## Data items

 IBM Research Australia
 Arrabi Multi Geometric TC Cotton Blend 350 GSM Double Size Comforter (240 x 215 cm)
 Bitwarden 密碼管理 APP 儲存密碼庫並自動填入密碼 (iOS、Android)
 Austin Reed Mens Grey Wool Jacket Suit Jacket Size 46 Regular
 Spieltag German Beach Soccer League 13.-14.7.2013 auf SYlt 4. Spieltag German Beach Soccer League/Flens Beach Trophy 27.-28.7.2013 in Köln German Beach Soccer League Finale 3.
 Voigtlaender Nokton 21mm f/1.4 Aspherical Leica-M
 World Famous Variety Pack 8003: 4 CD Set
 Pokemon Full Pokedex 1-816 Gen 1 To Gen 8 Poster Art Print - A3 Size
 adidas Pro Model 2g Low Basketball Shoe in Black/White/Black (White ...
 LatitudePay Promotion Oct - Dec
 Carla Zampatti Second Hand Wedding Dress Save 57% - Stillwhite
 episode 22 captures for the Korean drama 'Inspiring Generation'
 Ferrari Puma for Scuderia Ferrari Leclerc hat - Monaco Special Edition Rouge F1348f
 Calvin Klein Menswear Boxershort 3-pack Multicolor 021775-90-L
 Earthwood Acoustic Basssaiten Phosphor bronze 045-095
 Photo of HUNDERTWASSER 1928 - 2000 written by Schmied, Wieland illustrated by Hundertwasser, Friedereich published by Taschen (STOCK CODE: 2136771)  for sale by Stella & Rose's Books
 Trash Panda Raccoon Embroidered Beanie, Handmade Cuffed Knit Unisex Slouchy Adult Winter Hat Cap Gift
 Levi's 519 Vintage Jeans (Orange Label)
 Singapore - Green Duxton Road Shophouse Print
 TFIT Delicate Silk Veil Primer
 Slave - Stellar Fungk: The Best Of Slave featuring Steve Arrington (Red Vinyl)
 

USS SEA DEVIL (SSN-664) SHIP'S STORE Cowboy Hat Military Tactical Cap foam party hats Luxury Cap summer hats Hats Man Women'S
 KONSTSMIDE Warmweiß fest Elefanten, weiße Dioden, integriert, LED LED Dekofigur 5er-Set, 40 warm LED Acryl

## Aim of the task
In the entries above, work out how many lines contain the string "Print", and give only that number.

## Output for this exercise
2